2015/表紙の意匠と制作
198×299×7㎜(開いた状態)
山羊革のしぼ(革のしわ模様)の変わりめを直線で仕切ってデザインにしてみました。
アルミの箔押しや革のモザイクの点々でエリアが区切られるとしぼの違いがより感じられてきて、しぼを味わうだけでも、かなり楽しめます。(この写真ではわかりづらいですが。)
ルリユールアンデパンダンは、本と違って中身がないので、衝立のように立てて飾っても自然な感じです。すると、垂直に立ち上がってる重力方向の雰囲気が強調されるように、私には感じられて、面白いです。わりに目に近い所に置いて、しぼを楽しむっていうのも、よいかなと思います。絵を飾りにくい日本の住宅事情にも合う?(それを言ったら、自然物ってなんでも表面を楽しむことができるけど。)

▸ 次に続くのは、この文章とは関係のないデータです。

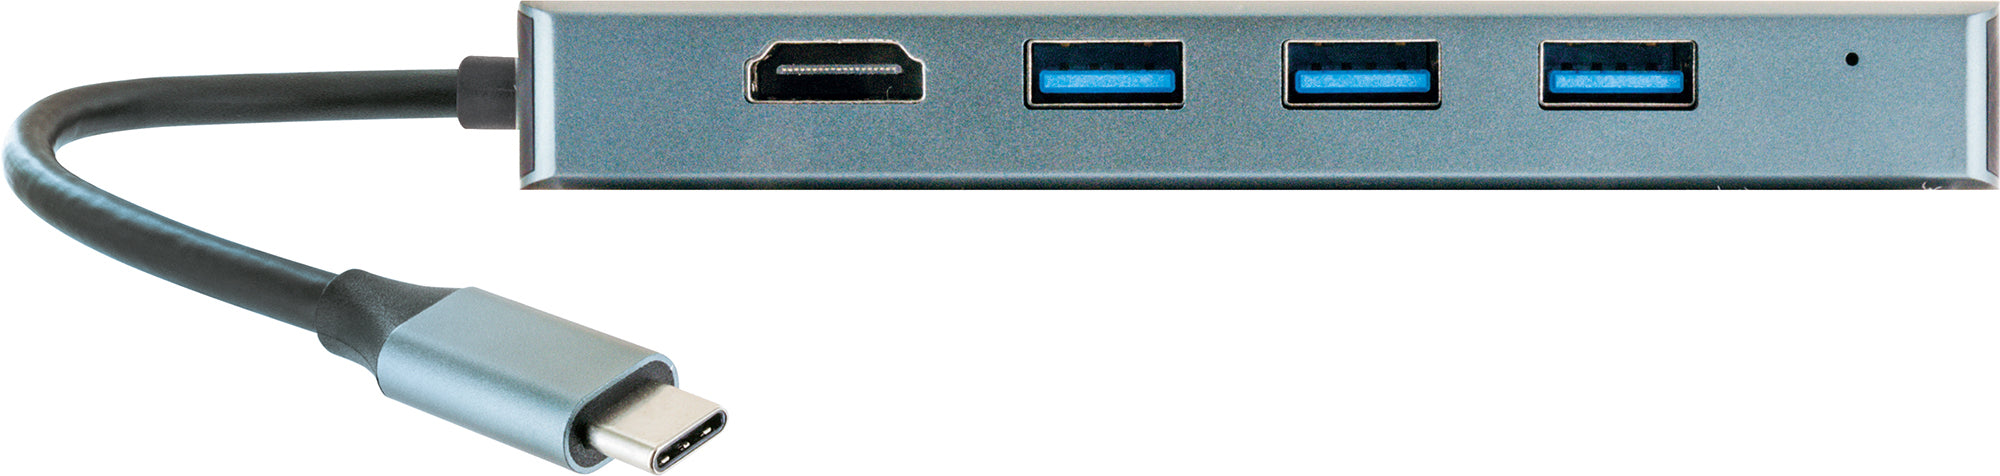 USB Type C Multiport Adapter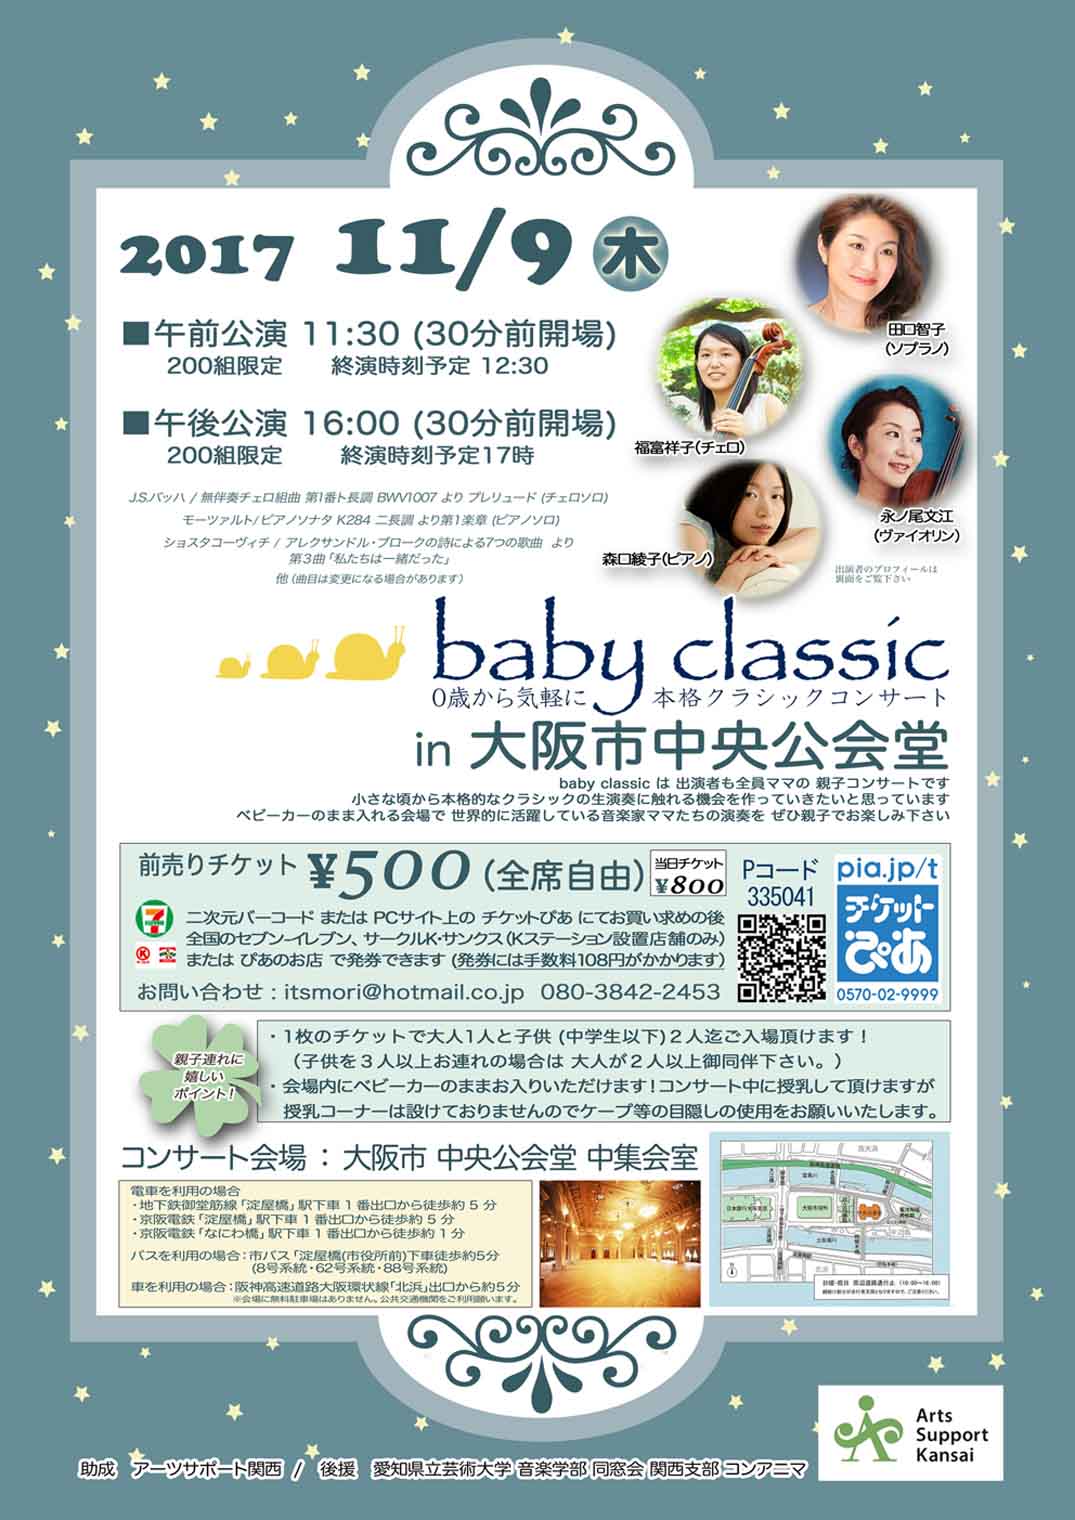 baby classic in 大阪市中央公会堂

前に「絵を買うってどういう感じなんだろう」って思って、うん十万の絵を買ってみたことが一度だけあります。じんわりじっくりと色とか構図を味わう。みてて飽きない、って感覚になりました。絵が動いてるような感覚にもなる。日本画の絵の具のお菓子のアイシングのような質感が目に「効いて」くる。自分の中に感覚が「にじんで」くる感じ。買ってみたらそうだった、っていうより、そうだったから買った、のかもしれないです。だからそれは「絵を買う」っていう一般化した体験にはなってなくて、「絵に魅せられてしまう」ってこういうことだよ、っていう体験だったんだな。作品を作っているって、素材についてそういう感覚を全開にしてます。
全体の雰囲気から、雪や雫、重力に従う、っていうようなことを感じて、こういうタイトルにしました。